Nothing but the lines from the one containing "reviewer image of" through the one containing "(Photo: John Froschauer/PLU)", both included, should be given again, each exactly as written below.

*** Provided information

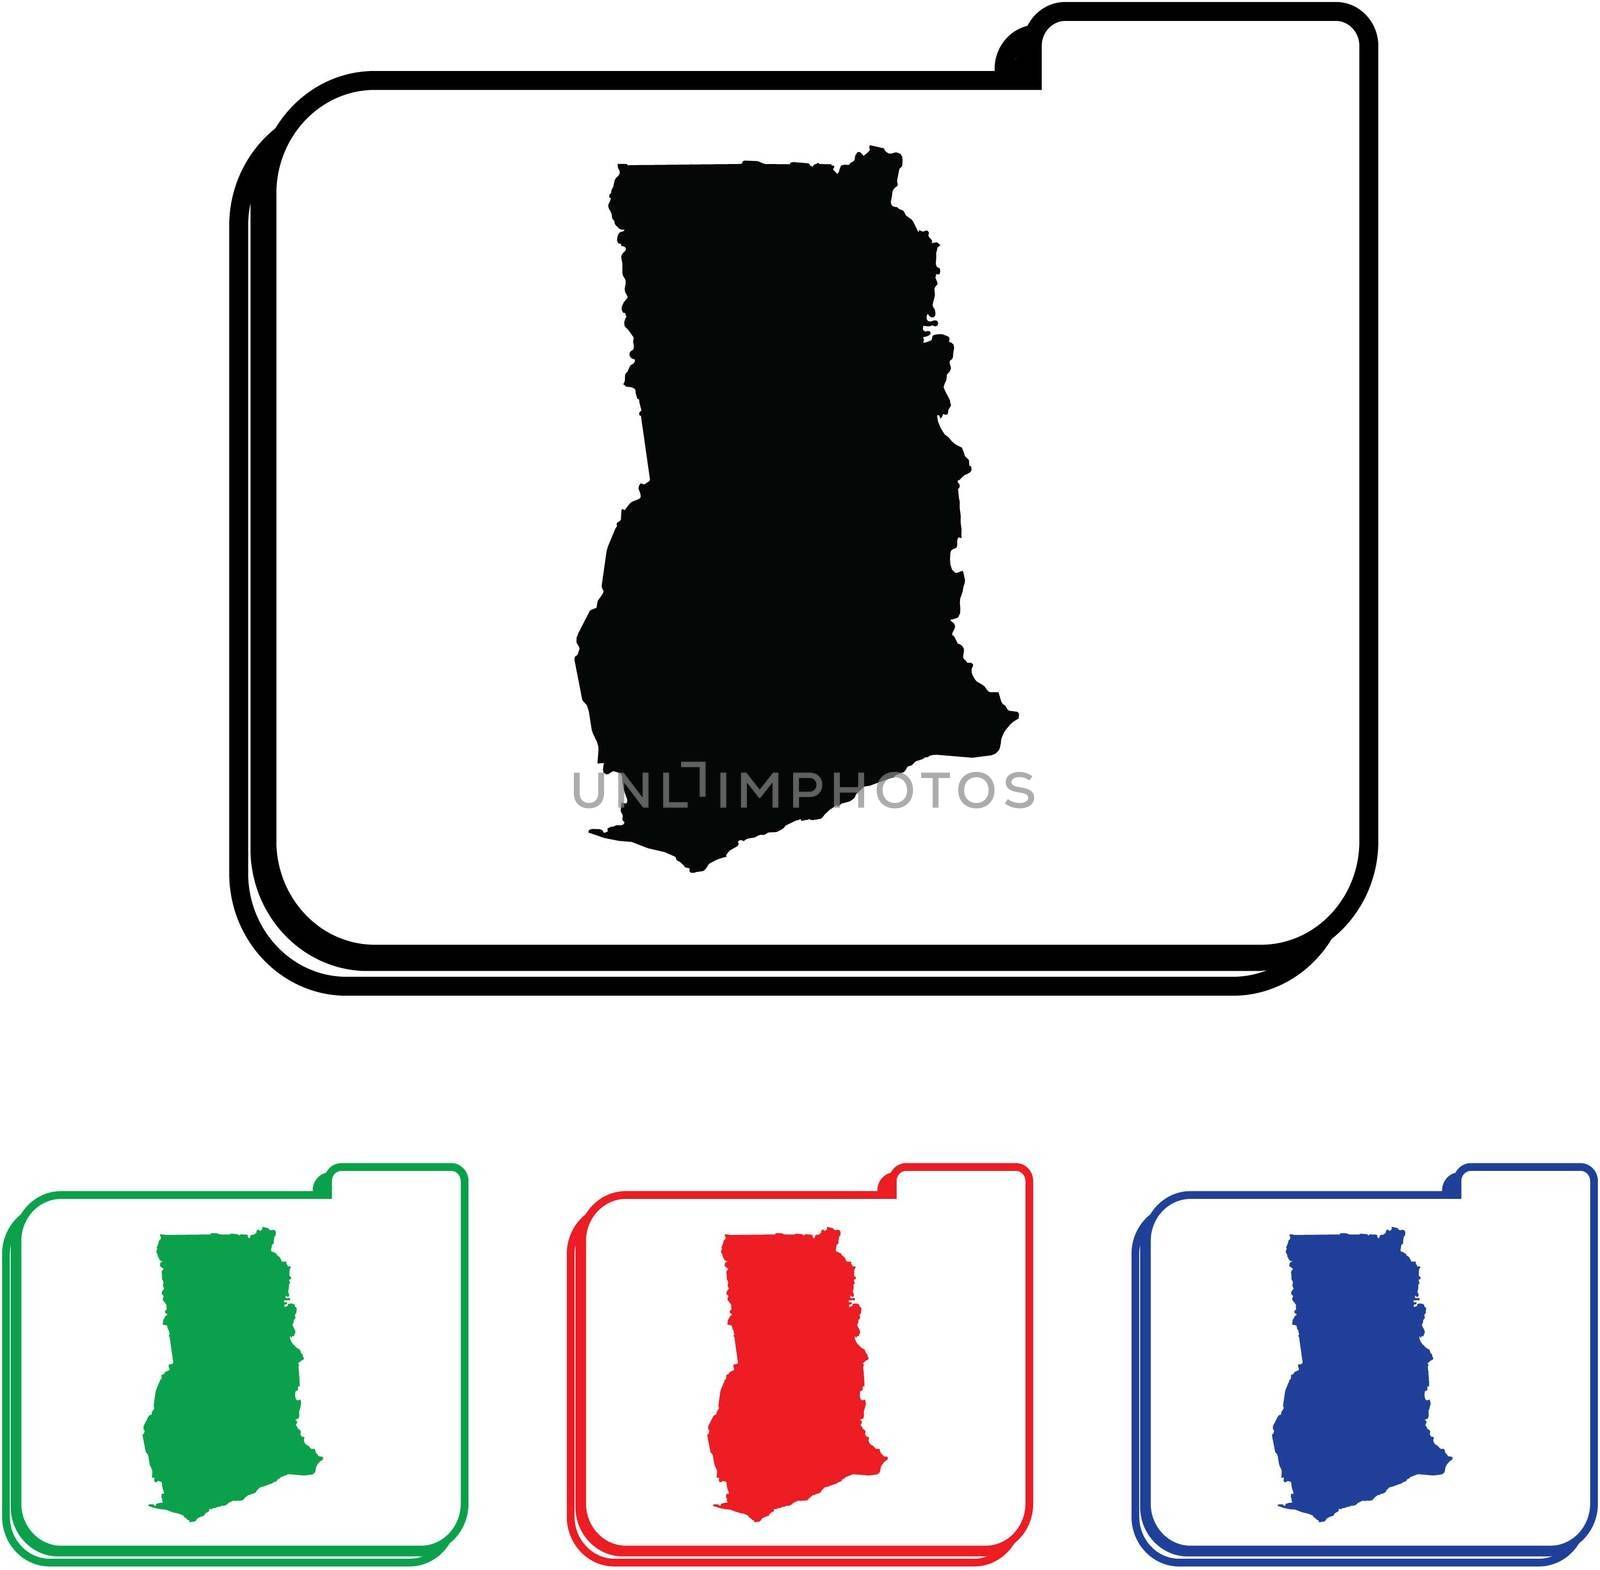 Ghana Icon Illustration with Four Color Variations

******
*** Provided information

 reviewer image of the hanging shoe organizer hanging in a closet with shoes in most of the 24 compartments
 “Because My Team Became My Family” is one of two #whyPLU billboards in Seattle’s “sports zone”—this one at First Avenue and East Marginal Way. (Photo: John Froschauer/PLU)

******
*** Provided information

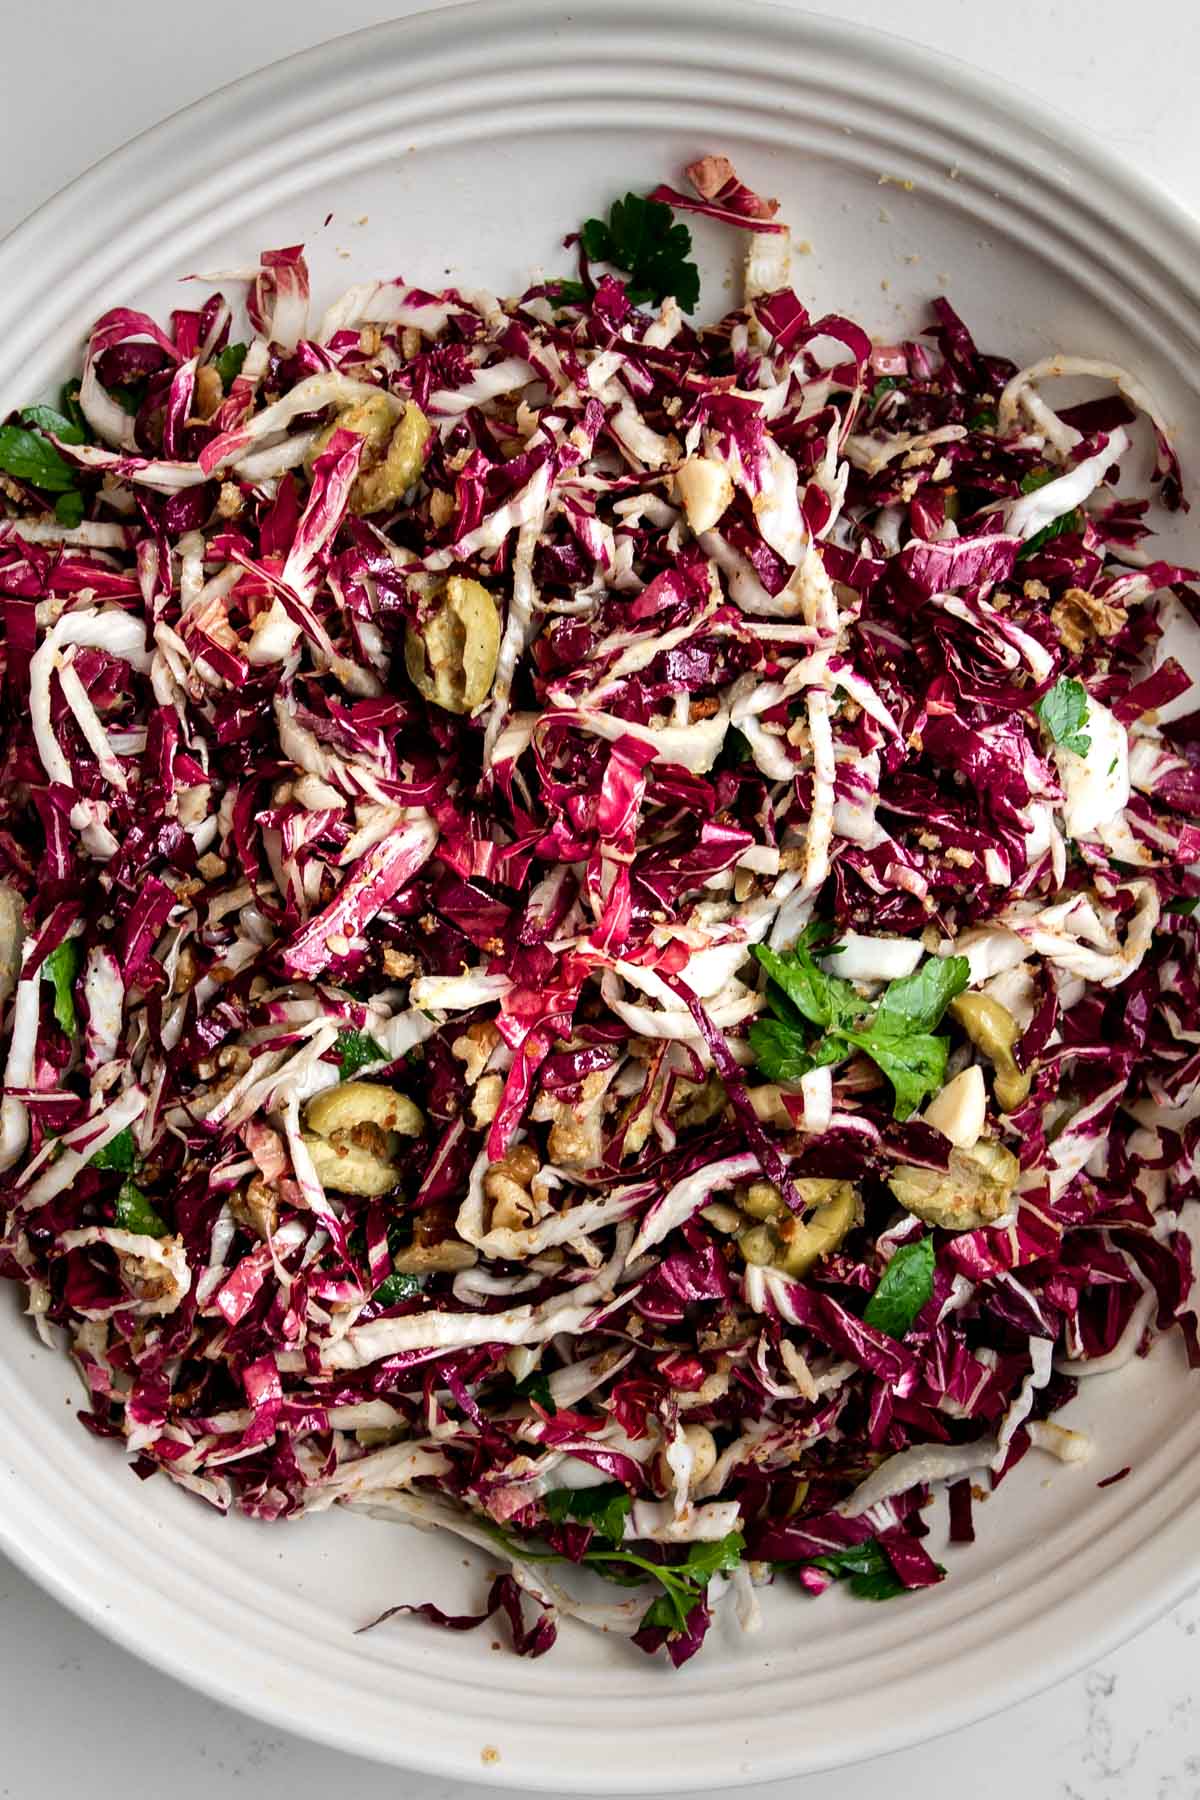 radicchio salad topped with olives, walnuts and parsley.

******

• _Task answer_
 reviewer image of the hanging shoe organizer hanging in a closet with shoes in most of the 24 compartments
 “Because My Team Became My Family” is one of two #whyPLU billboards in Seattle’s “sports zone”—this one at First Avenue and East Marginal Way. (Photo: John Froschauer/PLU)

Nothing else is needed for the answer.